Monday, March 23, 2015

Testing our fear of heights on a Via Ferrata

If hiking and rock climbing had a baby, then it would be a Via Ferrata.
We first learned about this unique alpine sport from the same friend that recommended Las Fallas - it's great having adventurous friends.

What is a Via Ferrata?

Via Ferrata is Italian for the "iron road/way." It began during the First World War as an Italian strategy of moving troops across the alpine Dolomite Range through a fixed series of ladders, cables, and rods. The Via Ferrata has morphed into a sport activity that is open to the public at varying levels of difficulty. Routes have expanded outside Italy and are found primarily throughout the Alps. "Via Ferrata" remains the commonly used name except in some German speaking regions where it goes by Klettersteig. Routes are often available for self guiding and are often free to access although some advise getting a guide for the first time. Once you know how the system works, you just need a few safety items that are available to rent at local sporting stores.
Italian soldiers during WWI.


We waited multiple weekends for the ideal conditions - clear skies and dry trails. Finally when a pleasant weather was forecasted for the weekend, we looked for a route. On we discovered that the number of nearby routes were overwhelming. Being our first time, we decided to try a mid difficulty level: the Klettersteig Mürren - Gimmelwald route located over the Lauterbrunnen Valley. This is one of Q's favorite regions and we would take any excuse to go back there.
Trail head began in village of Mürren, just above Lauterbrunnen Valley.
An absolutely an amazing day to be outside.

All the equipment one needs is available for rent for 50 CHF per person at INTERSPORT sports shop near the start of the route - harness with lines, carabiners, and helmet. Best of all: there is a drop off point near the end of the route in the village of Gimmelwald at The Mountain Hostel. For comfort we brought along a few items from home - leather biking gloves, a small backpack, water, sunglasses, a sweater, sturdy hiking shoes and comfortable hiking clothing. 
Equipment needed to safely complete a Via Ferrata.
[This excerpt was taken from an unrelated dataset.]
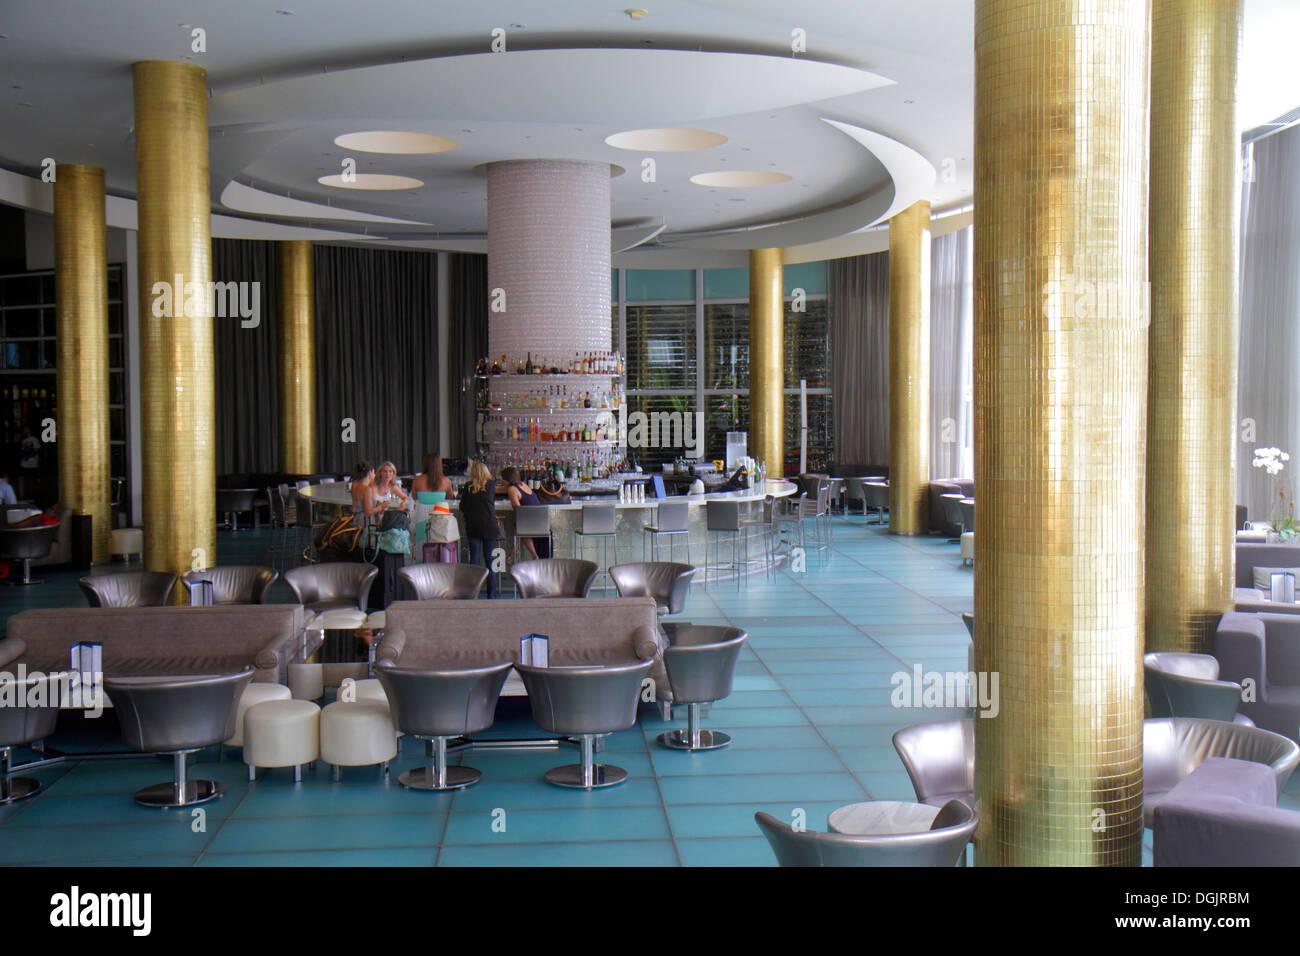 Miami Beach Florida Collins Avenue Fontainebleau Miami Beach hotel inside interior lobby bar Stock Photo

No special skills are required. As long as you learn how to put on a harness and how to work a carabiner, you're set. If you have any questions, the shop attendant will happily help out by showing how to work the equipment. The route is clearly labeled and the trail goes in one direction with a steel cable the entire way so there's no chance of getting lost. The only requirement is that you don't have a paralyzing fear of heights.

Clipped in and ready for action

We found the entrance to the route by the Sportchalet in Mürren, which is a short walk from the rental shop. The trail started off tame allowing one to become familiar with the equipment. Slowly things became more interesting as we started to hug the cliff edge.
Signs leads you through a tunnel where you find the cable to clip in.
A chance to get comfortable with the equipment.
Within minutes things get interesting.

Shortly into our trek, we were passed by a couple of guys carrying large backpacks and then three others with no equipment. Since the entrance door is not manned, anyone can enter without any special gear (that is classic Switzerland). The group of three friends eventually turned around once things became too challenging. It turned out that they just wanted to get a peek at what the two guys with the large backpacks were about to do. We caught up with them at a wooden platform as the two guys unpacked their backpacks and put on their squirrel suits. Ha - this was a base jumping platform! We knew Lauterbrunnen is famous for extreme sports like base jumping but we didn't expect to be next to people actually jumping.
No way I'm signing up for this sport.
Makes the Via Ferrata look like kid's stuff.

Our first rush of vertigo

We have a healthy fear of heights, no free climbing El Cap for us, but we have rarely truly freaked out. I do hate knife ridges while ski touring, but I had worried while rock climbing or while roped in - until that day. Looking down at my feet and seeing the valley floor hundreds of feet straight below me brought a moment of pause. Even Q had a moment where he needed to stop and collect his wits before moving forward. We knew we were completely safe but that view below was frightening.
Taking a deep breath before moving to the next rod.
Q's past the worst part and I've calmed myself long enough to snap a photo.

Obstacles along the route

Once we conquered that portion, everything else seemed manageable. The route led us through a variety of obstacles, which kept the afternoon interesting. We descended metal ladders, walked across a tight rope over a water fall, moved along sideways by iron rods sticking out of the rock, and lastly walked across a suspension bridge hovering over the valley. There are plenty of opportunities along the path where it's mellow enough to take a break.
U-shaped rods made scrambling over rocks a breeze.
Fixed metal ladders
I was surprised that I actually enjoyed the tight rope.
Funky staircase of rods coming out of the rock wall.
Nepal Suspension Bridge
Sometimes the route looks like a regular hiking trail.

Final thoughts

Q isn't much of a hiker but would be up for doing another Via Ferrata. Either this one again or something slightly more challenging. Since this is a summer and autumn sport, we'll have to wait until next year.

We defiantly recommend those without vertigo to give this sport a try. For those that have never climbed before or have doubts, it's worth considering hiring a guide.